Ни Наиля, ни Зоя не были моими постоянными подругами. Для постоянной и серьёзной дружбы у меня были две Насти: Настя Первая и Настя Вторая. Но без Наили и Зои мне трудно представить свои первые школьные годы: они обе были всегда рядом со мной. С Настями я бывала серьёзной и рассудительной. С Настей Первой велись разговоры «про жизнь», долгие и подробные. Настя была домашним ребёнком, не ходила в кружки и в музыкальную школу, и после занятий мы редко общались. Учиться она не особо любила. Зато любила читать и мечтать, иногда оставляя впечатление глупенькой, витающей в облаках девочки. Самая младшая в классе, к четырнадцати годам она расцвела: стала женственной, необычайно уверенной в себе и ироничной, взвешивающей каждый свой шаг и слово. Настя вырвалась вперёд и очень сильно выделялась среди нас, своих одноклассников. Сутью Насти Второй были деловая жилка и стремление к лидерству. Учёба, музыкальная школа, многочисленные кружки… она везде стремилась успеть и преуспеть. В музыкальной школе Настя участвовала во всех конкурсах, проходила все этапы и получала призы на городских и республиканских выступлениях. Дома над её кроватью висели мягкие игрушки, вышивки и поделки – всё это было создано Настиными руками. Без самодельного фонарика, батарейки, кусочков кафеля и проволоки ко мне во двор Настя никогда не приходила. Я не помню её руки в бездействии. С такой же страстью она стремилась к первенству в отношениях. Быстро училась давать сдачи и защищать свои позиции. Правда, лидером в нашем классе она так и не стала. Настя раздражала многих. Причины я долго не понимала. Окончательно поняла позже – став взрослой. Безграничная амбициозность лишала Настю чуткости, элементарного чутья. Понимая многое, она плохо чувствовала людей, мало считалась с их интересами, слишком «голым» и «холодным» было её стремление «выше и выше…». Настя сделала хорошую карьеру: она стала генеральным директором «крутого» московского агентства.

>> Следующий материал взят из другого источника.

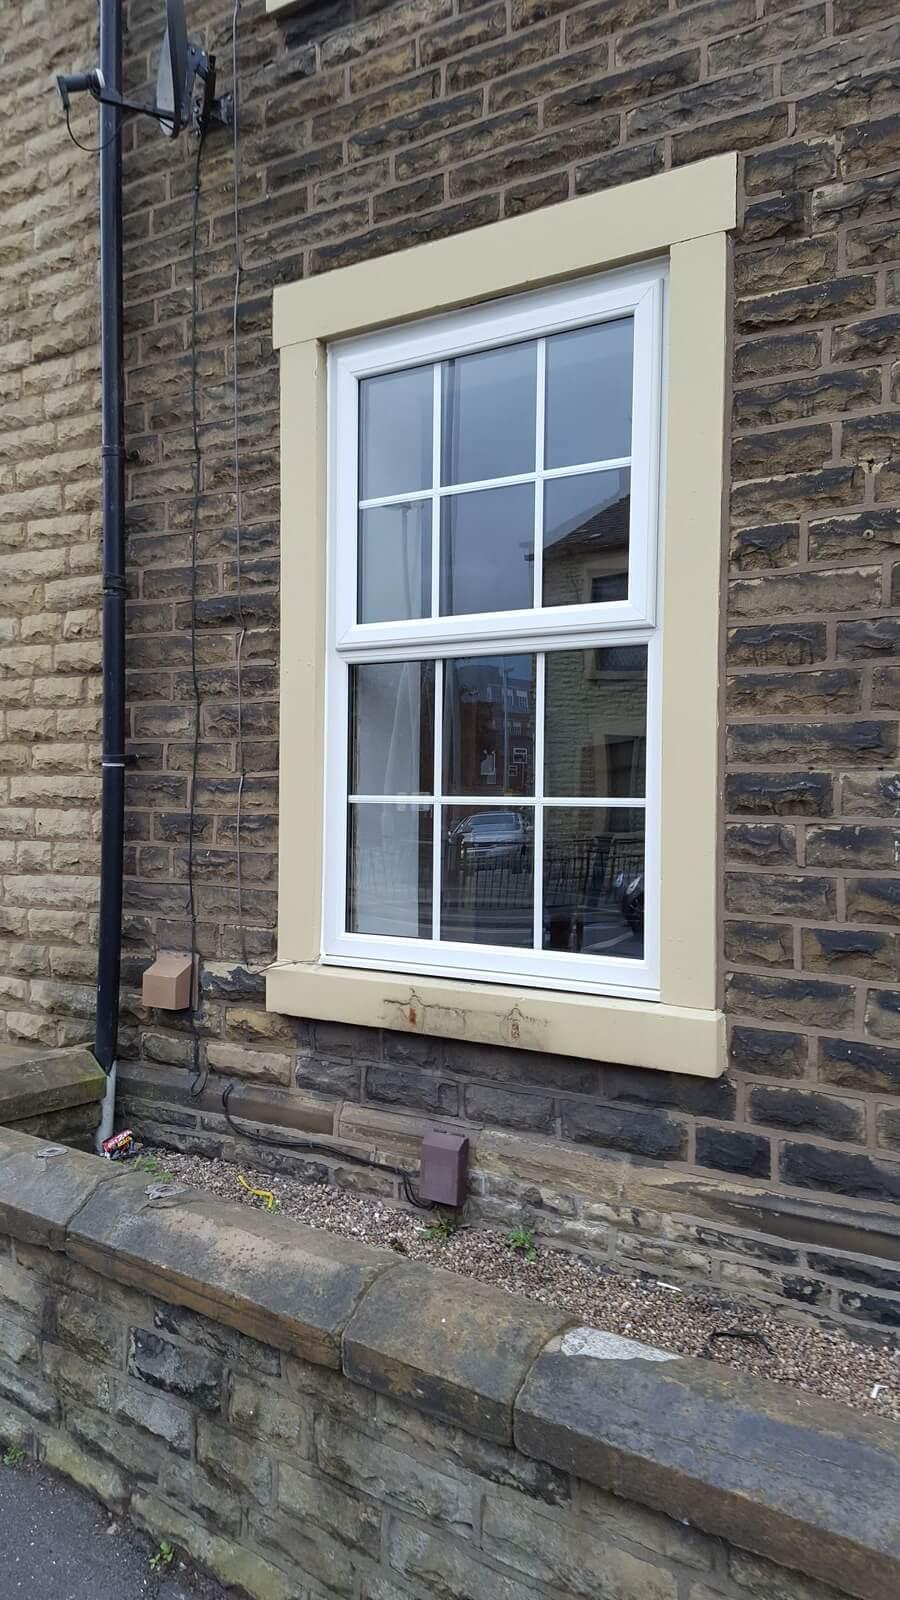 close up on brick house window

С Настей Первой мы понимали друг друга с полуслова, мы говорили с ней на «одном языке», говорили обо всём. Мой интерес к делам и увлечениям не был таким сильным, как у Насти Второй, но и она занимала в моей жизни постоянное и основательное место. А ещё у меня находилось время для Зои и Наили, Ани и Маши, Тамилы и Сабины… Проказы и шалости, выдумки, походы в гости в финские и камышовые дома и на субботние сеансы в кино, прогулки по развалинам старых построек… во всём этом я принимала участие без своих Насть.
Образ класса со временем сложился в одно целое – в образ нервного, не очень хорошо воспитанного, живого и любопытного ребёнка, несчастного и жестокого. Свою взаимосвязь с этим «ребёнком» я неожиданно ощутила годы спустя. Разные дети из очень разных семей, постоянно ссорящиеся, обижающие и обижающиеся друг на друга, мы были одним коллективом.
Ностальгических воспоминаний о первой учительнице у меня не осталось.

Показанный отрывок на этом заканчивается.